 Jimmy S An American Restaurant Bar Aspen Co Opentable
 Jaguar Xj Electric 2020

* * *

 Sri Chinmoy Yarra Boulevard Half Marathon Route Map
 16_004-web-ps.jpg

==

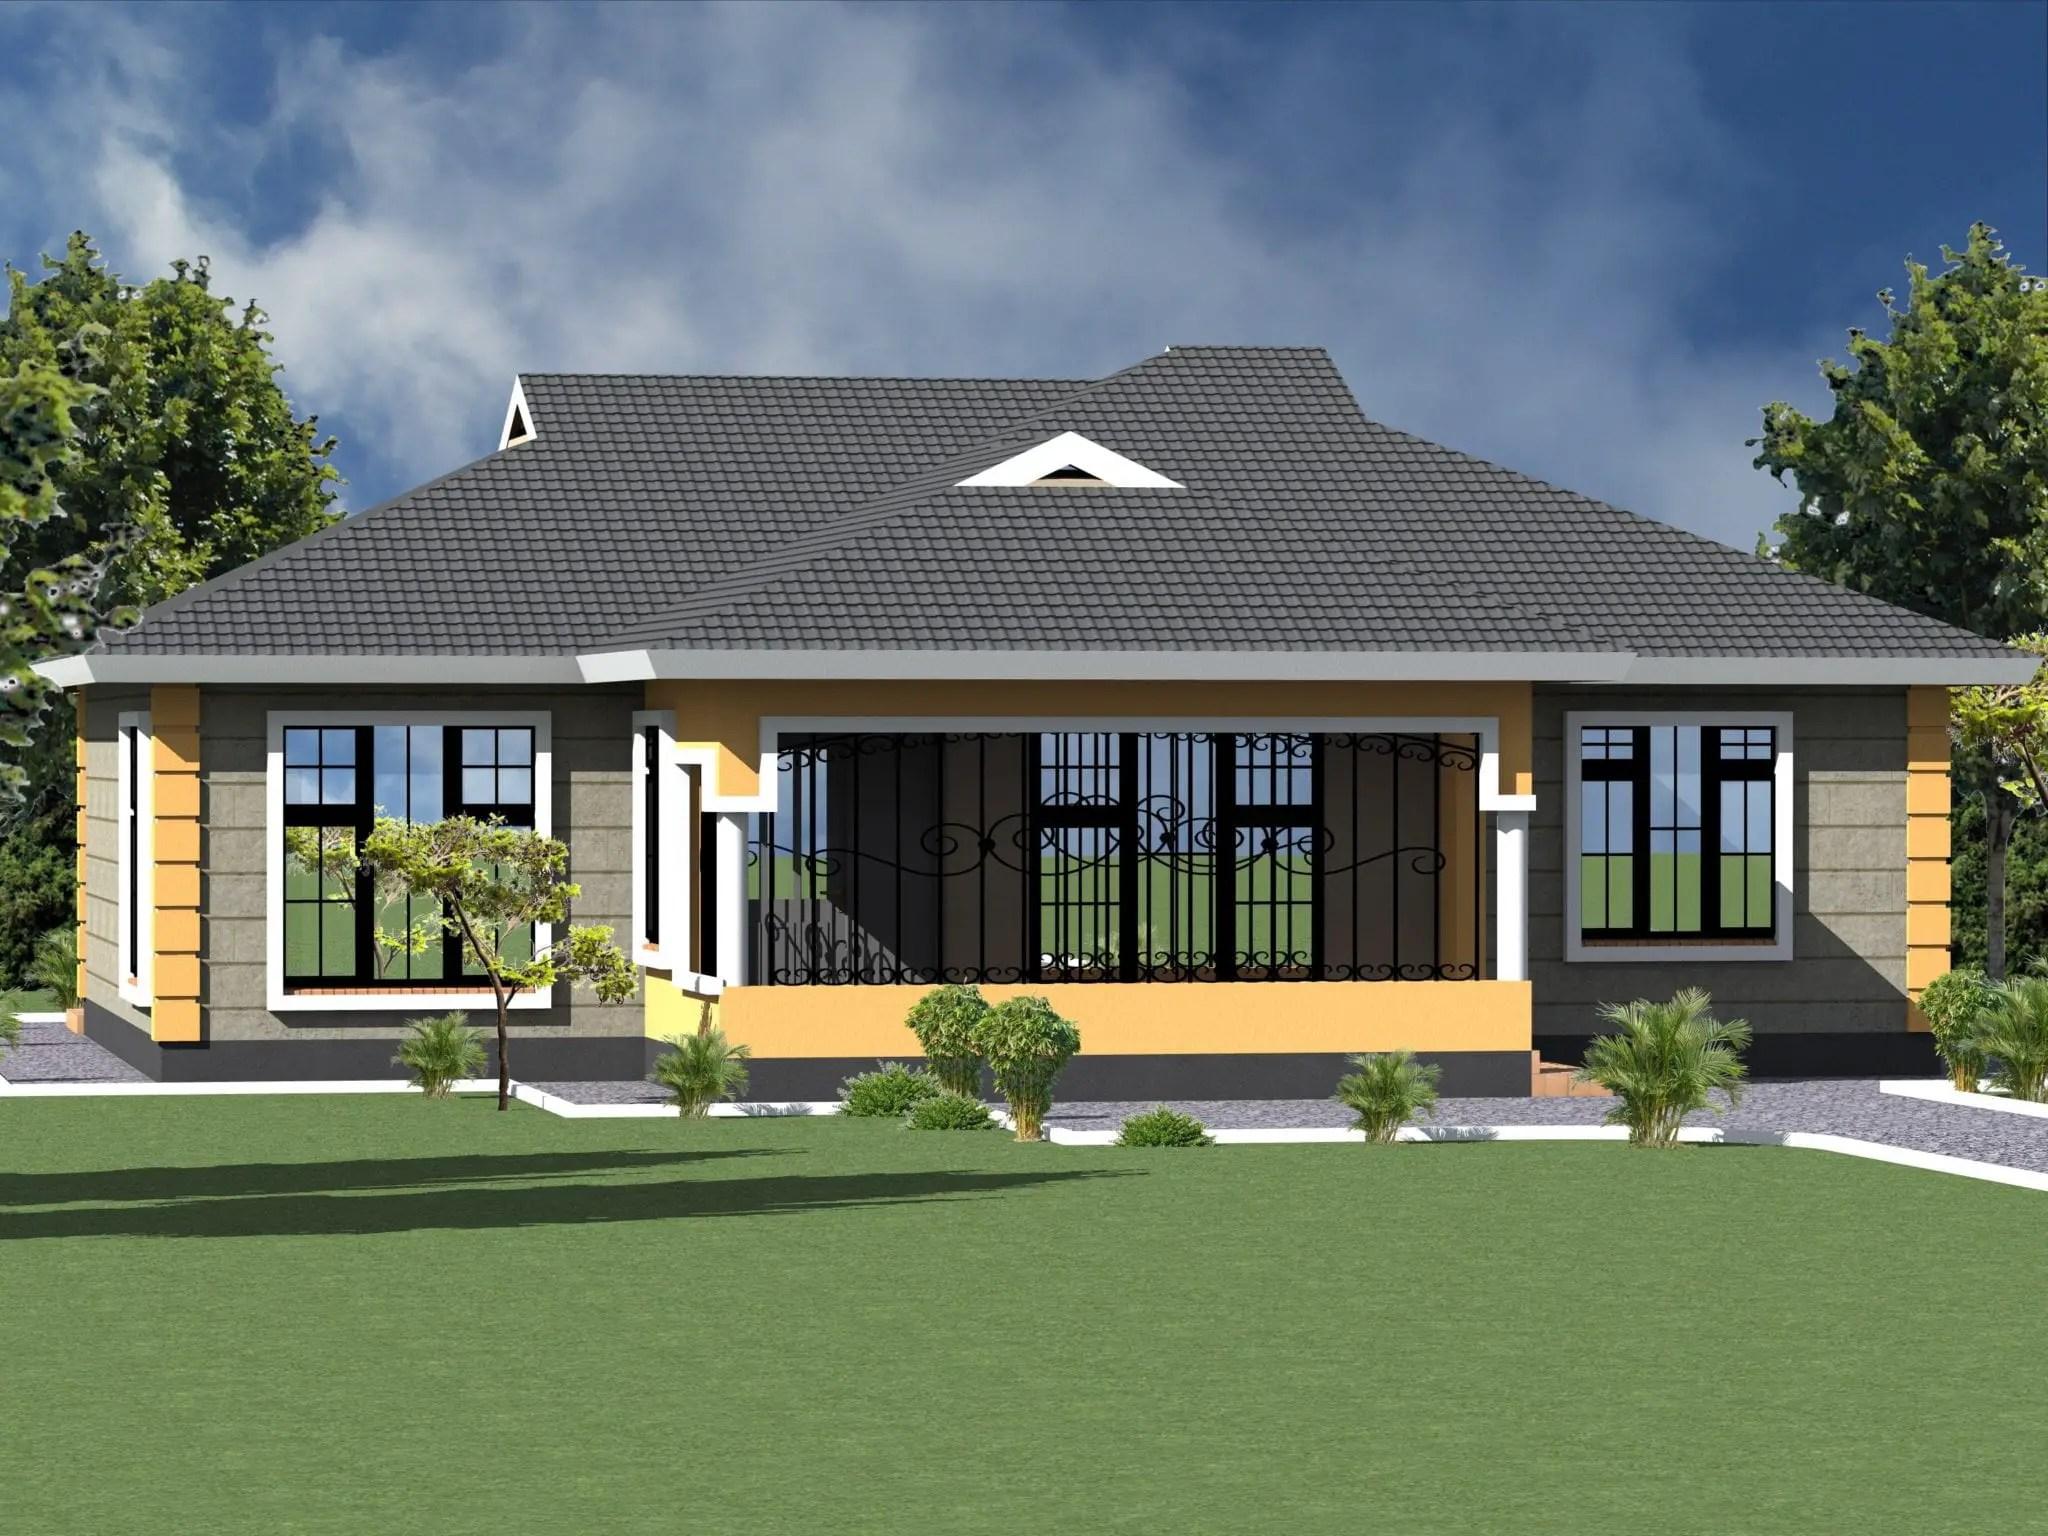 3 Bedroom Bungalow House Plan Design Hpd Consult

> WHAT TO DO: Reproduce exactly the lines of the records above from the one with "Jimmy S An American" to the one with "Jaguar Xj Electric 2020", both included, and leave out everything else.

> SOLUTION TO THIS PROBLEM:
 Jimmy S An American Restaurant Bar Aspen Co Opentable
 Jaguar Xj Electric 2020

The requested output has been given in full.